Component management and config storage
The Data Context helps you create components such as Data Sources, Checkpoints, and Expectation Suites and manage where the information about those components is stored.
For production deployments, you will want to define these components according to your source data systems and production environment. This may include storing information about those components in something other than your local environment. To view implementation examples for specific environments and source data systems, see Integrations.
GX Cloud compatability
Because your Data Context contains the entirety of your GX project, GX Cloud can reference it to permit seamless upgrading from open source GX to GX Cloud.
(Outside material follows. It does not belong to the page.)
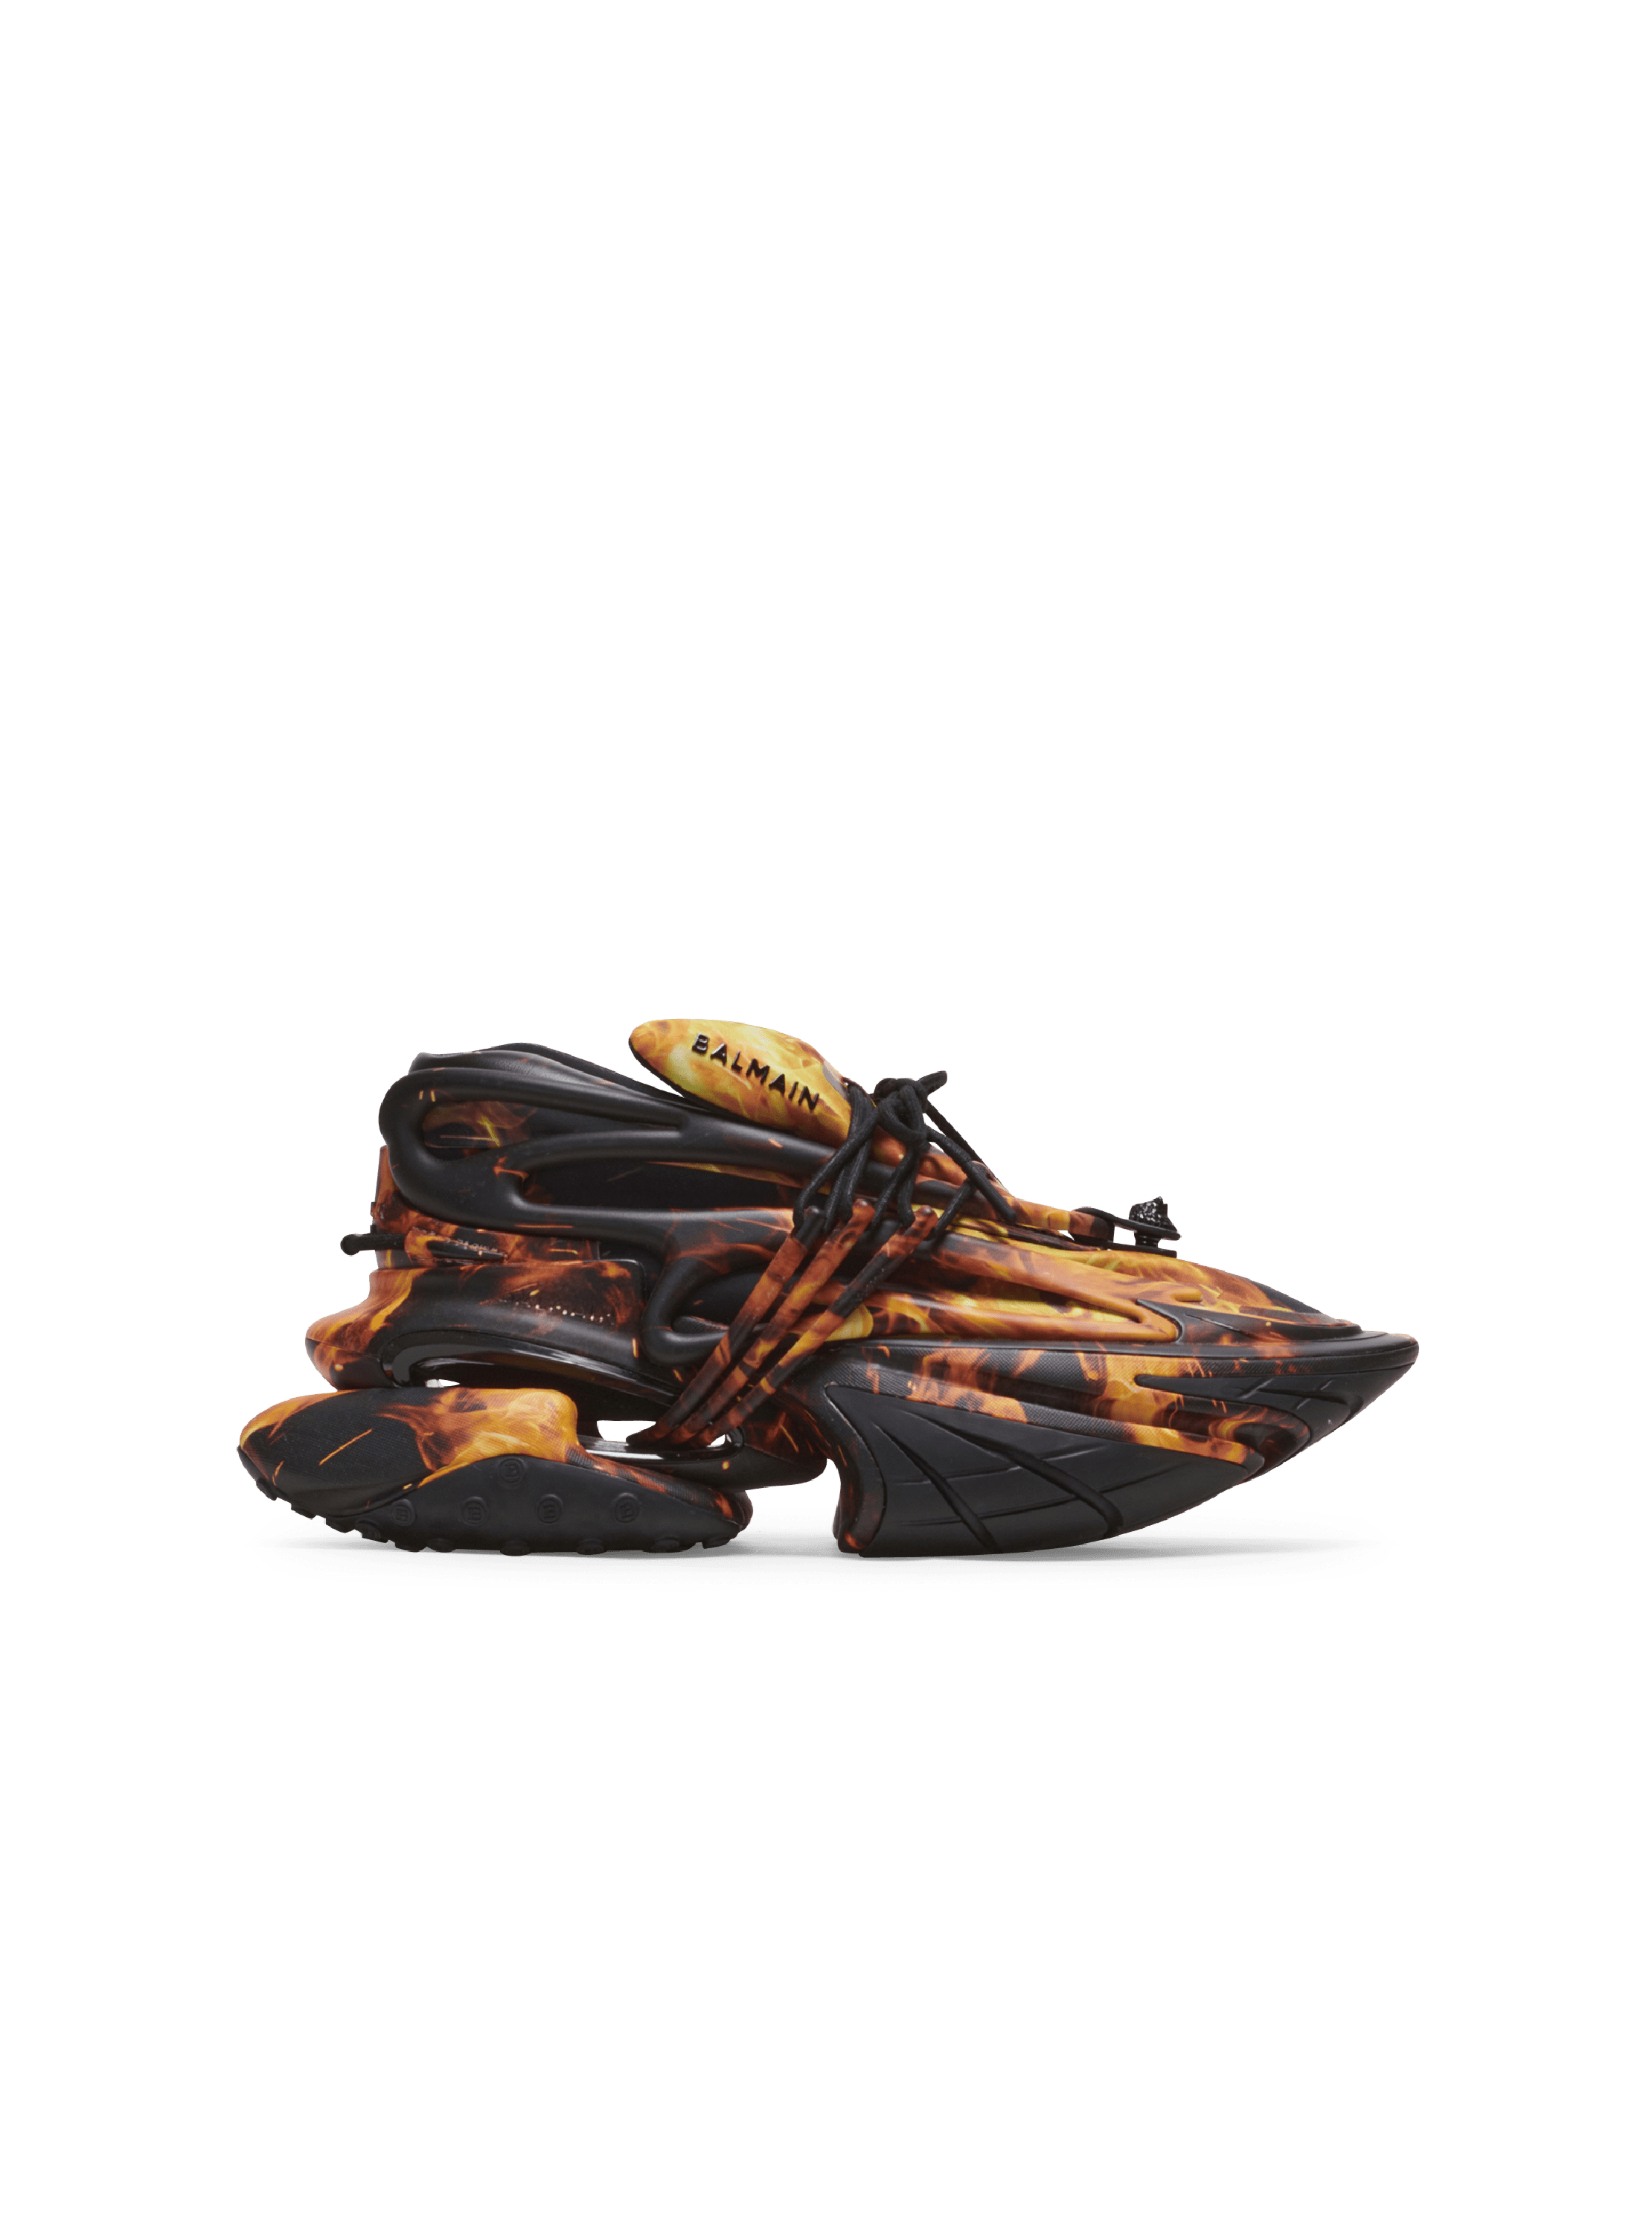 Sneakers Unicorn aus Neopren mit Fire-Print und Leder, orange, hi-res

Instantiating a DataContext
After you've created a Data Context, you'll
likely start future work by instantiating a
DataContext
in Python. For example:
context = gx.get_context()
Alternatively, you can use the
context_root_dir
parameter if you want to
specify a specific directory
If you’re using GX Cloud, you set up the cloud
environment variables before calling
get_context
.
Untyped inputs
The code standards for GX strive for strongly typed inputs. However, the Data Context's convenience functions are a noted exception to this standard. For example, to get a Batch with typed input, you run the following code:
from great_expectations.core.batch import BatchRequest, RuntimeBatchRequest
batch = context.get_batch_list(batch_request=batch_request)[0]
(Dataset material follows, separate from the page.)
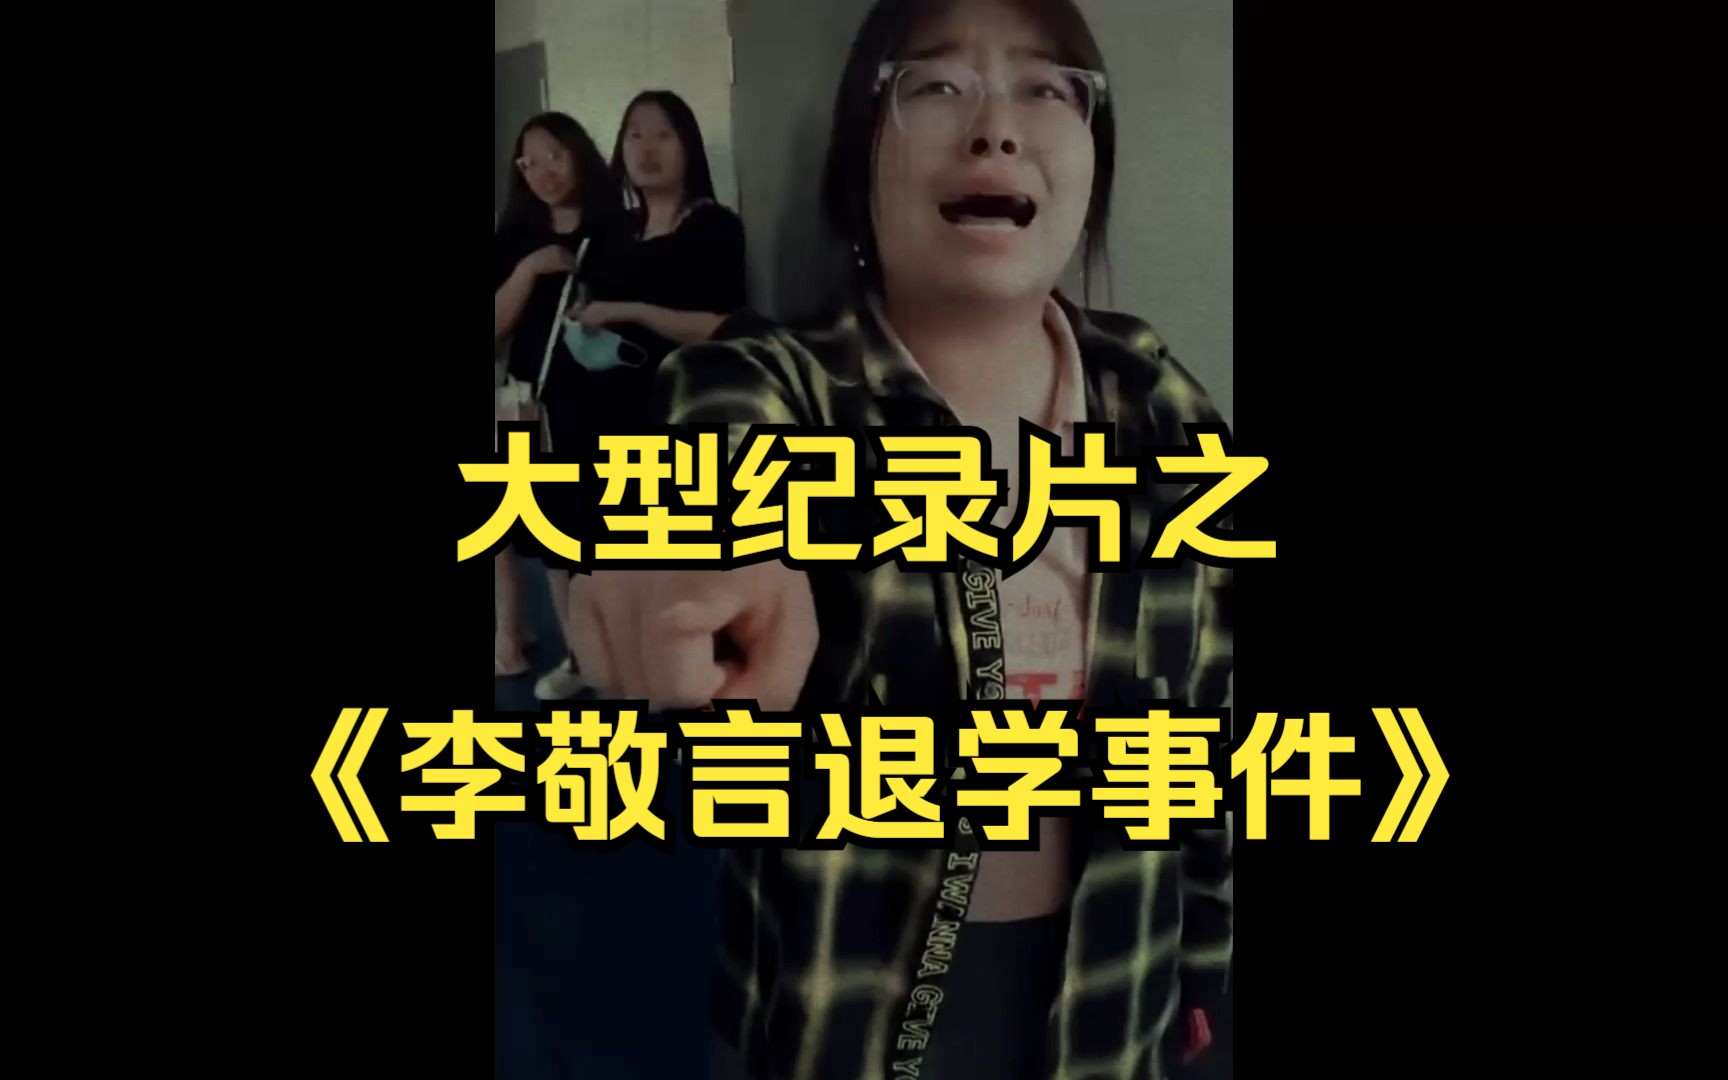 大型纪录片之《李敬言退学事件》北京政法职业学院一口咬定李敬言发布的视频恶意剪辑

If you prefer untyped inputs, you run code similar to the following examples:
data_asset_name = "<your_data_asset_name>"
context.get_batch_list(
datasource_name="taxi_datasource",
data_connector_name="default_inferred_data_connector_name",
data_asset_name=data_asset_name,
)
In the example code, the
get_batch()
method is responsible for
inferring your intended types, and passing it through
to the correct internal methods.
This distinction between untyped and typed inputs
reflects an important architectural decision within
the GX codebase. Internal workflows are strongly
typed, but exceptions are allowed for a handful of
convenience methods on the DataContext
.
Stronger type-checking allows the building of cleaner code, with stronger guarantees and a better understanding of error states. It also allows GX to take advantage of tools such as static type checkers, cyclometric complexity analysis, and so on.
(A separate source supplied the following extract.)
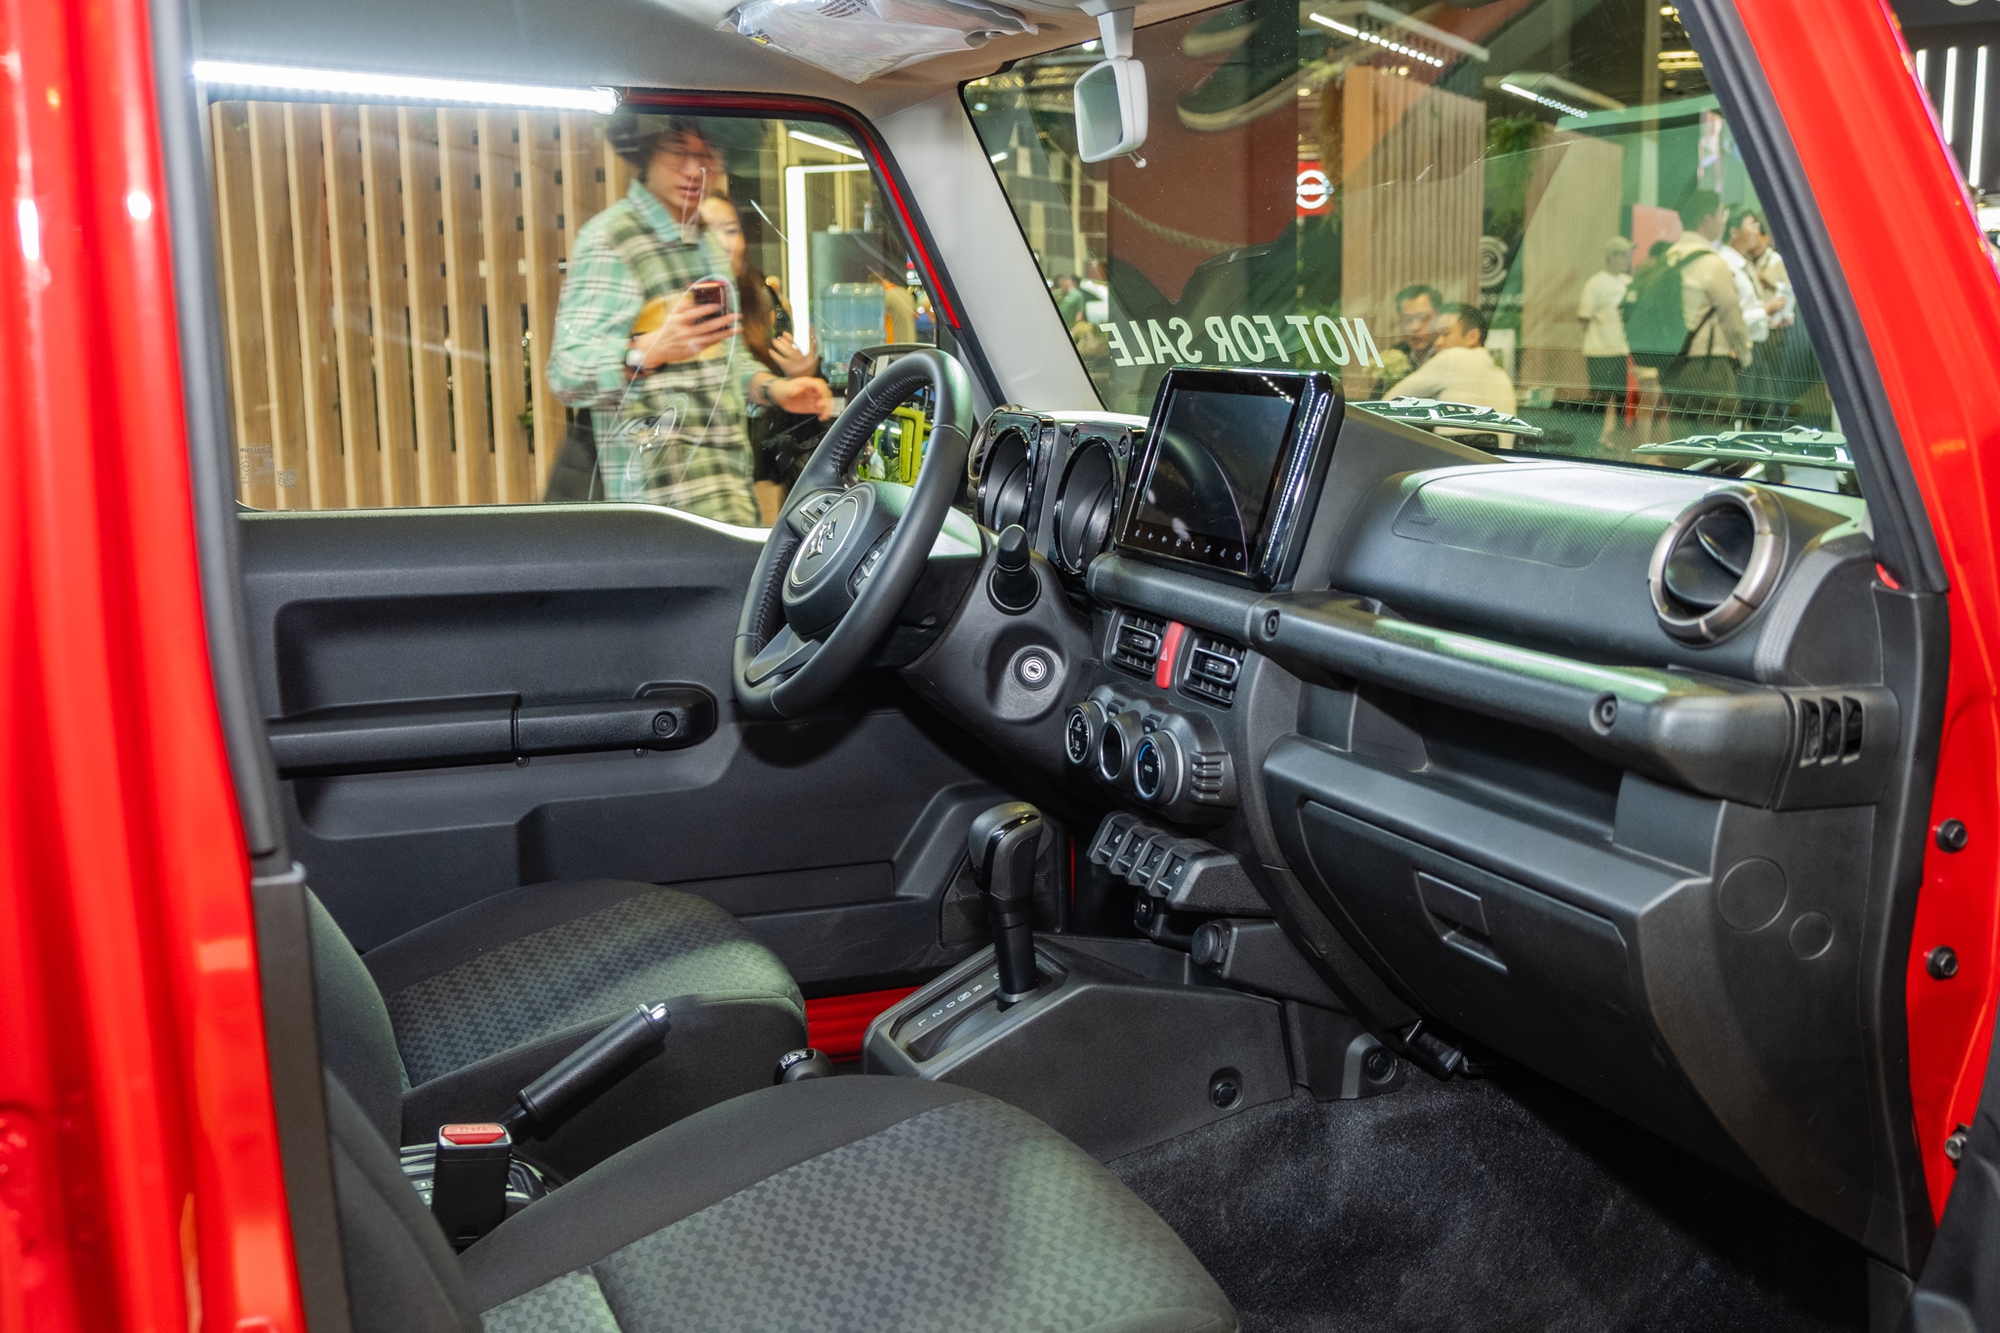 Xem thử Suzuki Jimny 5 cửa sắp bán tại ĐNÁ: Thực dụng hơn, không rẻ nhưng vẫn đáng chờ ngày về Việt Nam

Requiring typed inputs can make getting started with
GX challenging. For example, the first method shown in
the previous code examples can be intimidating if you
don't know what a BatchRequest
is.
It also requires you to know that a Batch Request is
imported from
great_expectations.core.batch
. Allowing
untyped inputs makes it possible to get started with
GX much more quickly. However, there is always a risk
is that untyped inputs will lead to confusion. To
reduce or eliminate the risk, GX uses these
guidleines:
-
Type inference is conservative. If inferring types require guessing, the method returns an error.
-
Informative errors are provided to help you determine an alternative input that does not require guessing to infer.